Evaluation of the effects of MBX 1641 on bacterial and mammalian cell growth. (A) Determination of the MIC of MBX 1641 for P. aeruginosa. P. aeruginosa PAO1 cells were grown in the presence of the indicated concentrations of MBX 1641 (•) or tetracycline (▵) for 16 h in clear 96-well microplates, and the OD₆₀₀ was determined.
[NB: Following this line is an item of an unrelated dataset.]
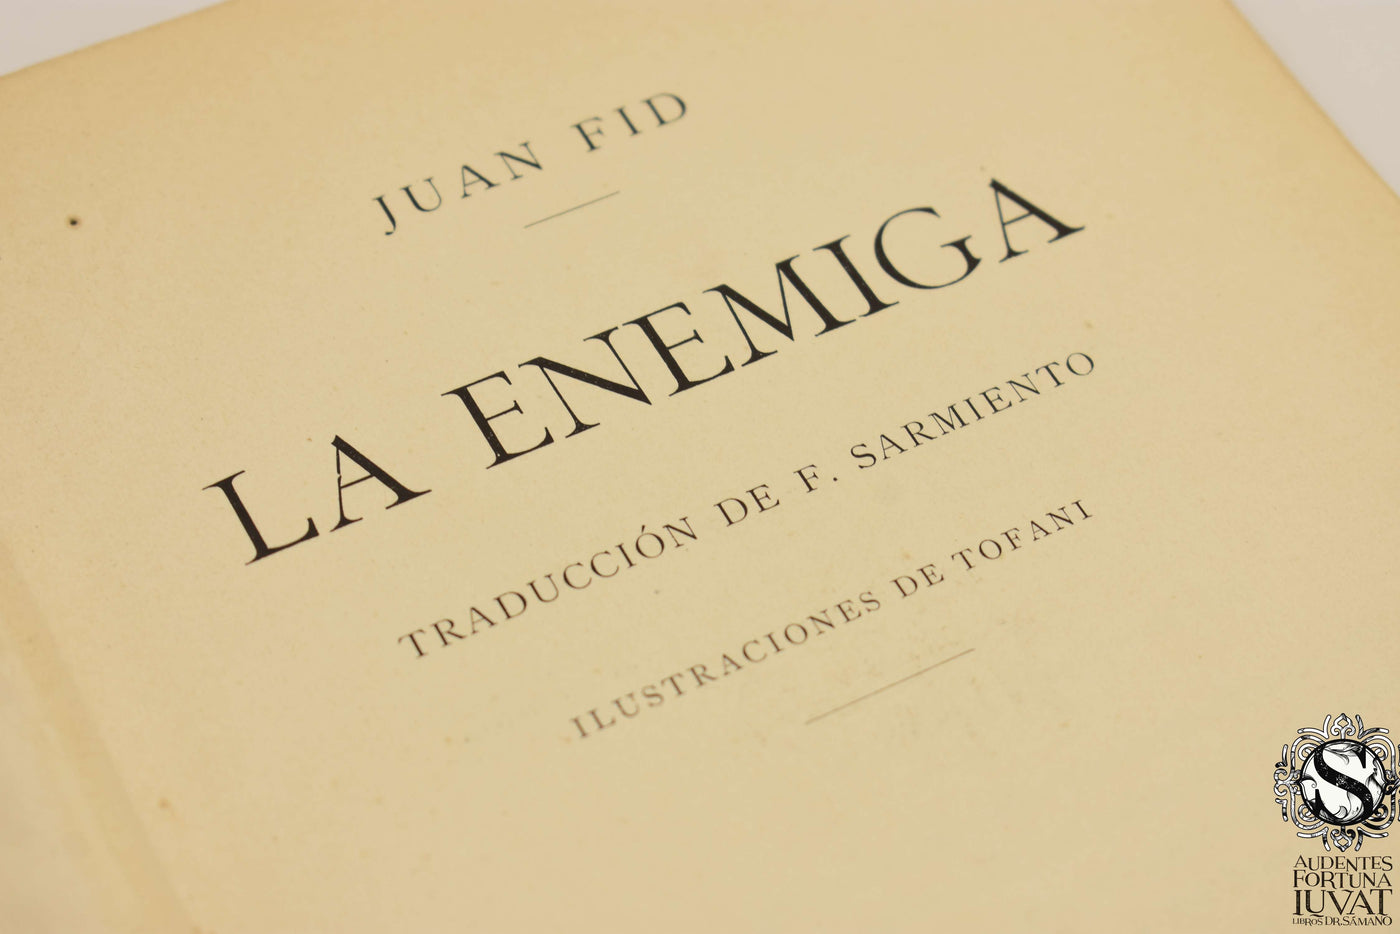 LA ENEMIGA - Juan Fid

The OD₆₀₀ as a fraction of that of DMSO-treated control cells is plotted. (B) Growth rate of P. aeruginosa cells treated with MBX 1641. P. aeruginosa PAO1 cells were grown in the presence of three different concentrations of MBX 1641 for 5 h in clear 96-well microplates, and the OD₆₀₀ was measured periodically as indicated as a measure of cell density. MBX 1641 was present at 100 (□), 50 (•), or 25 μM (○), or cells were treated with an equivalent concentration (2%) of DMSO only (▵). (C) HeLa cell cytotoxicity of MBX 1641. HeLa cells were cultured in VP-SFM medium without serum in the presence of the indicated concentrations of MBX 1641 (•) or novobiocin (▵) for 3 days, and cytotoxicity was determined by the ability of remaining live cells to reduce a vital tetrazolium salt stain. Results are plotted as the percentage of cytotoxicity relative to levels for DMSO-treated and Triton X-100-lysed control cells.